Word for word, restate the lines from the one containing "Men's Fitness Walking" through the last line of the material, and include no pictures.

SOURCE MATERIAL =
-.-.-

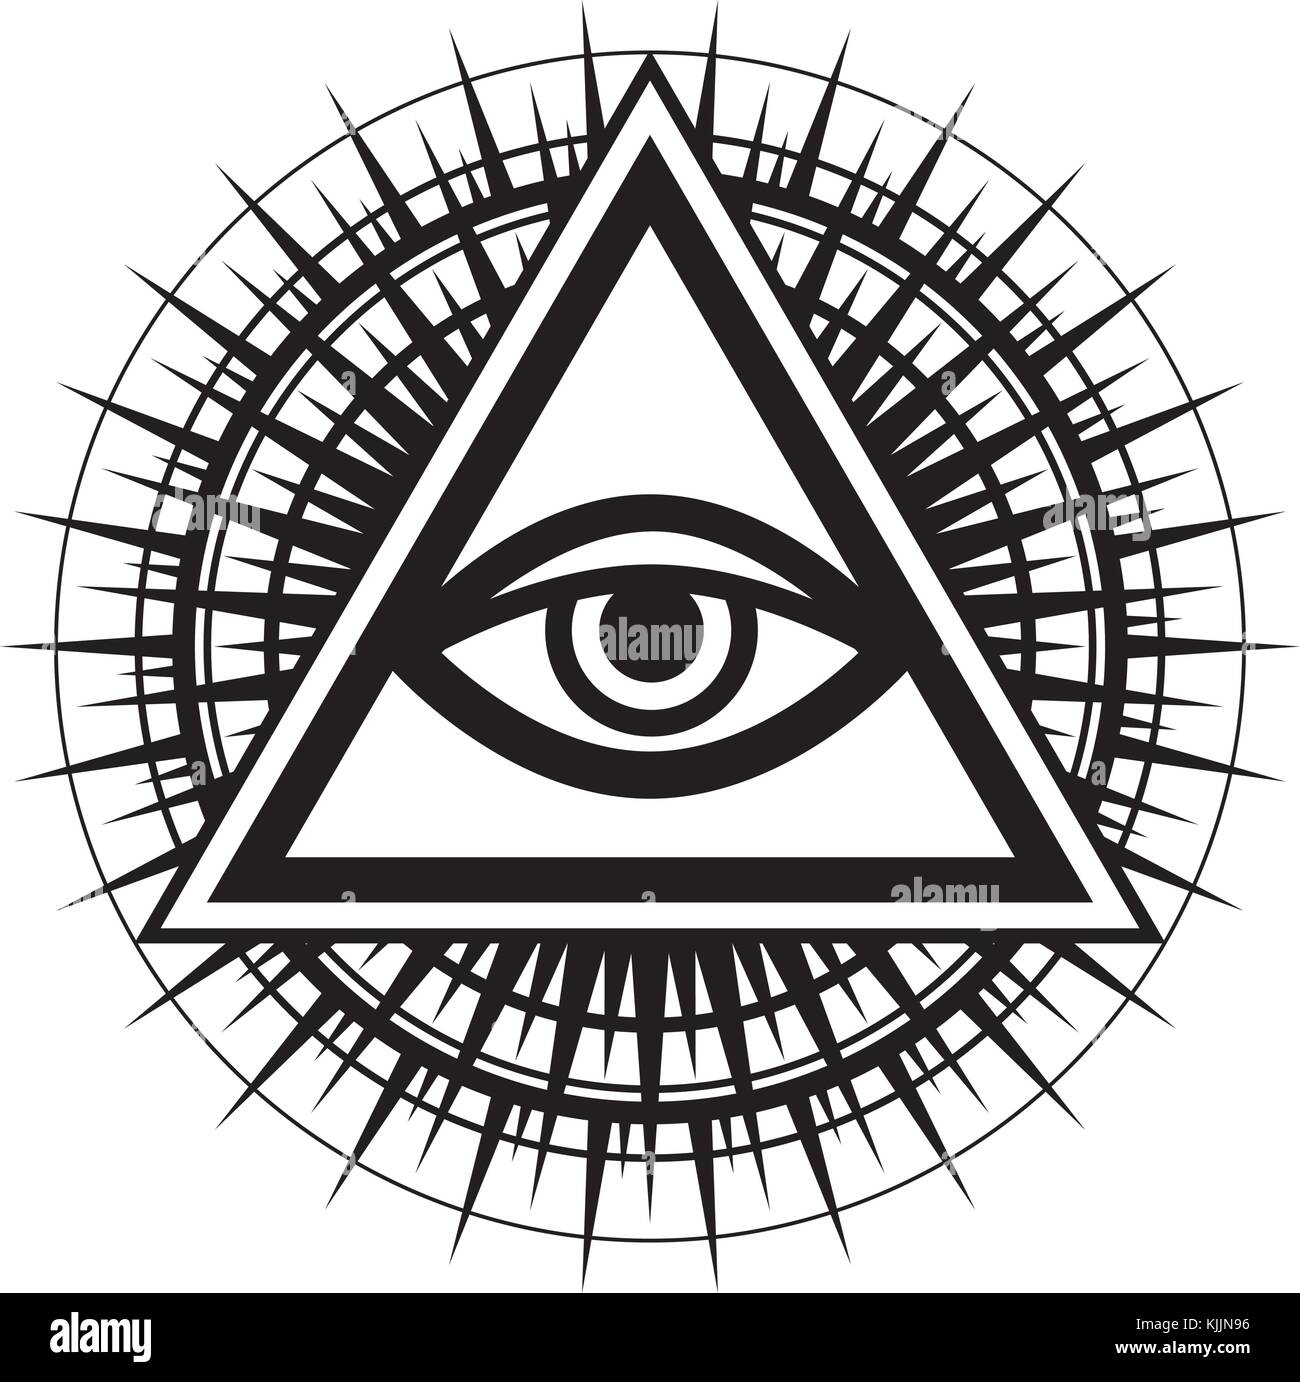 Alles sehende Auge Gottes (Das Auge der Vorsehung | Auge der Allwissenheit | leuchtende Delta | Oculus Dei). Mystische Symbol der Illuminaten und Freimaurer. Stock Vektor
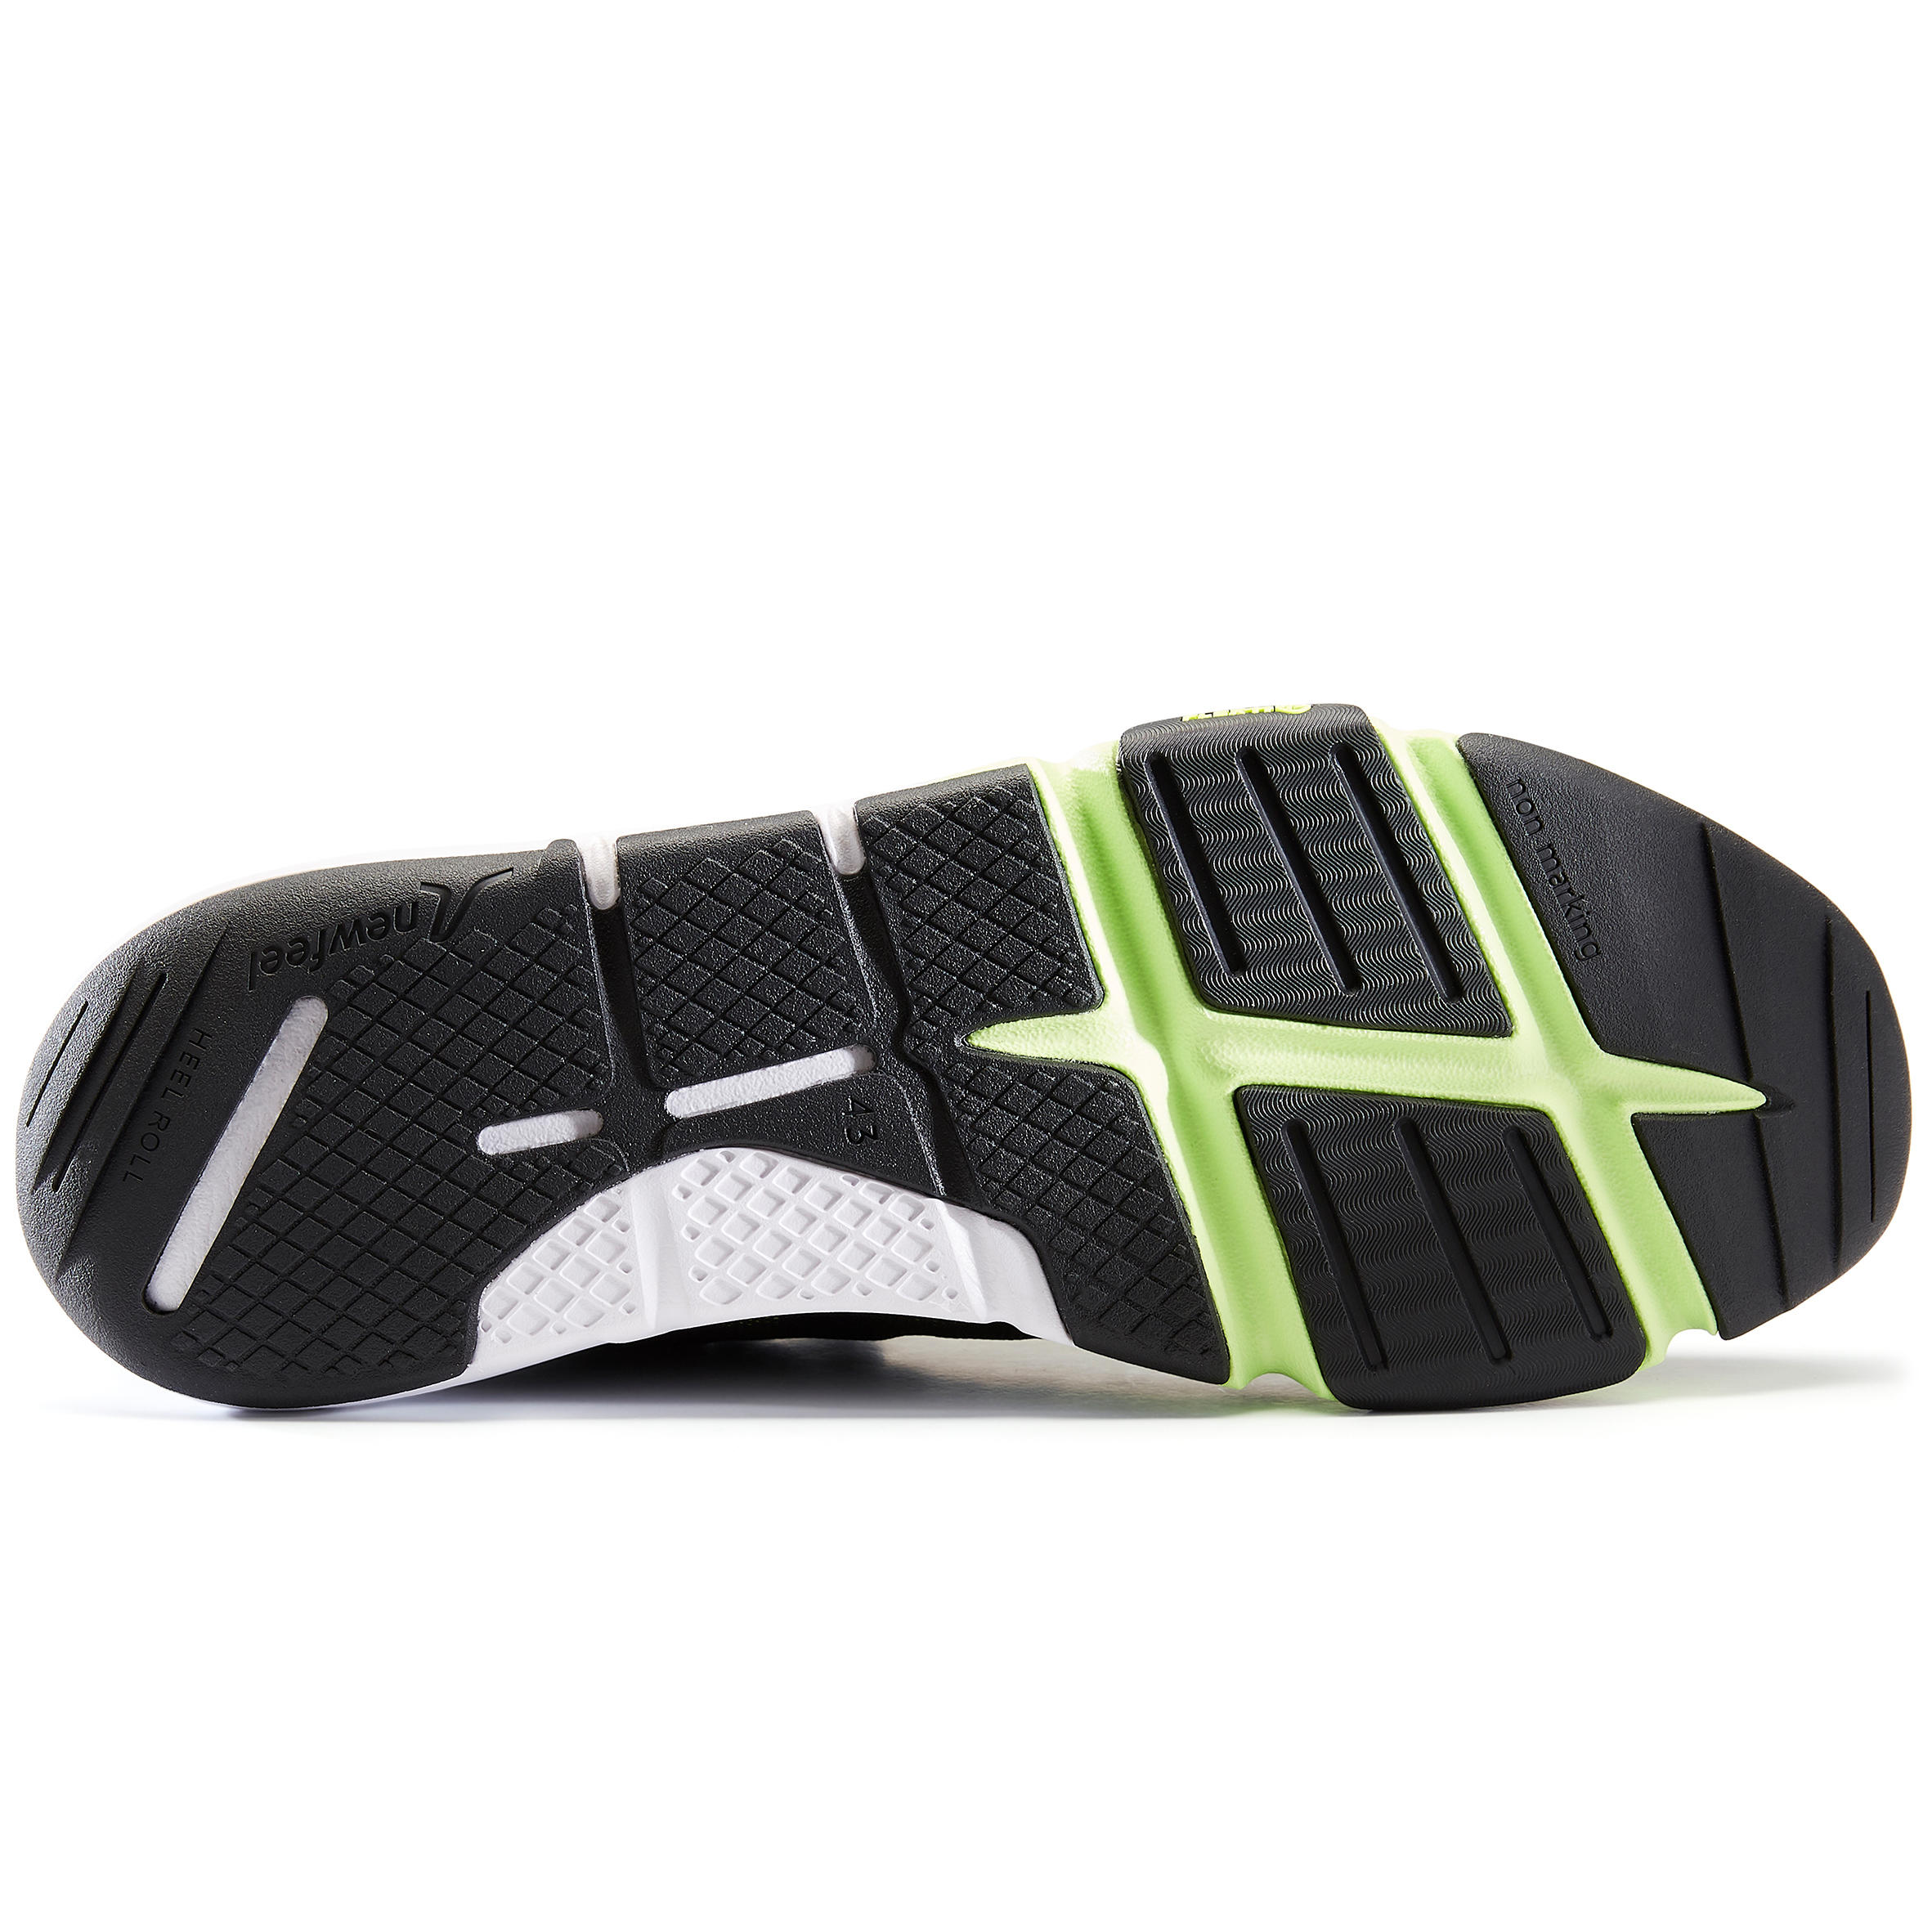 Men's Fitness Walking Shoes PW 540 Flex-H+ - khaki/green 6/11
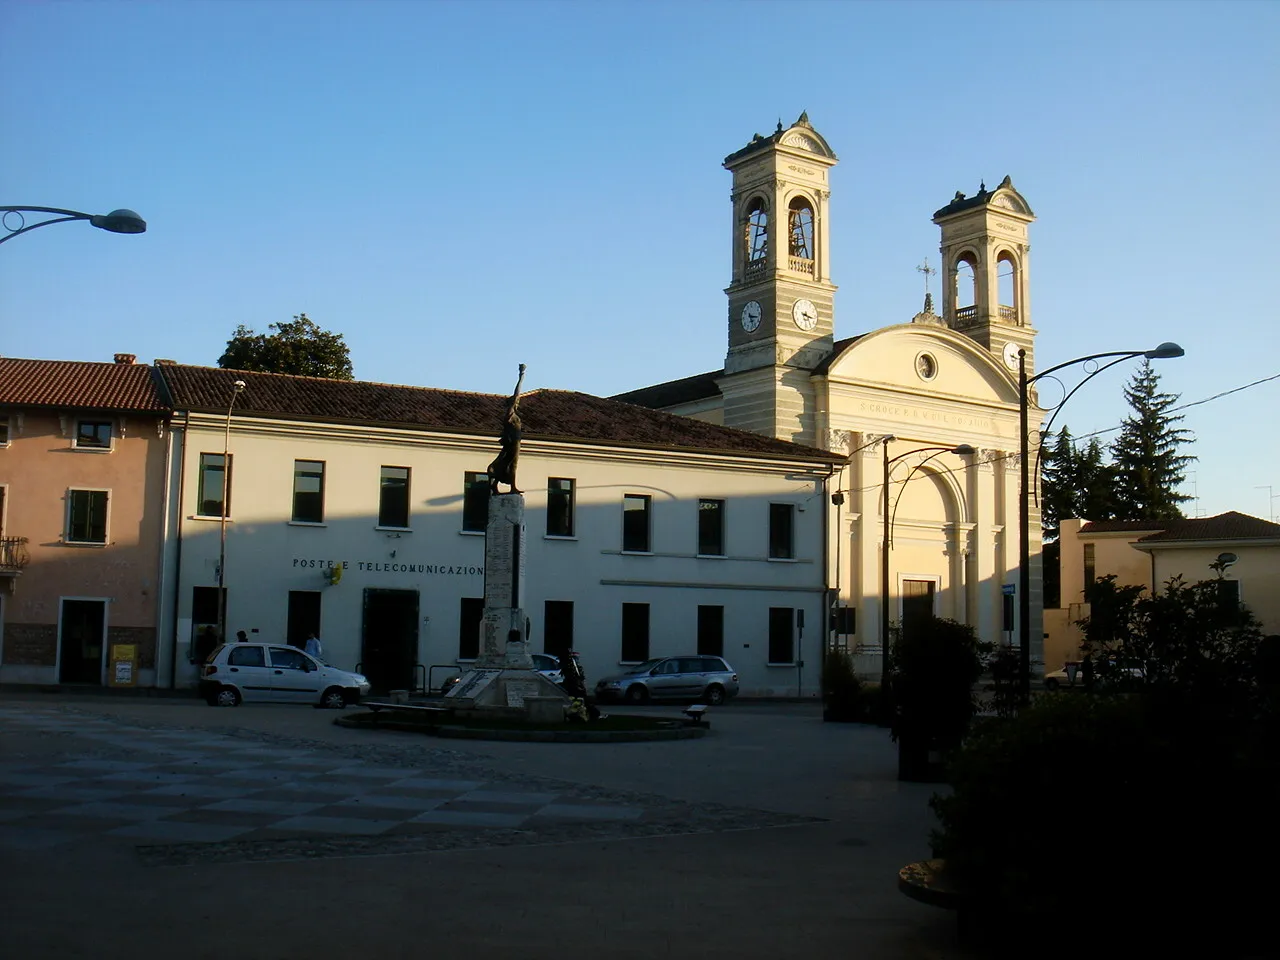 Imagen de Friuli-Venezia Giulia

-.-.-

ANSWER SECTION =
 Men's Fitness Walking Shoes PW 540 Flex-H+ - khaki/green 6/11
 Imagen de Friuli-Venezia Giulia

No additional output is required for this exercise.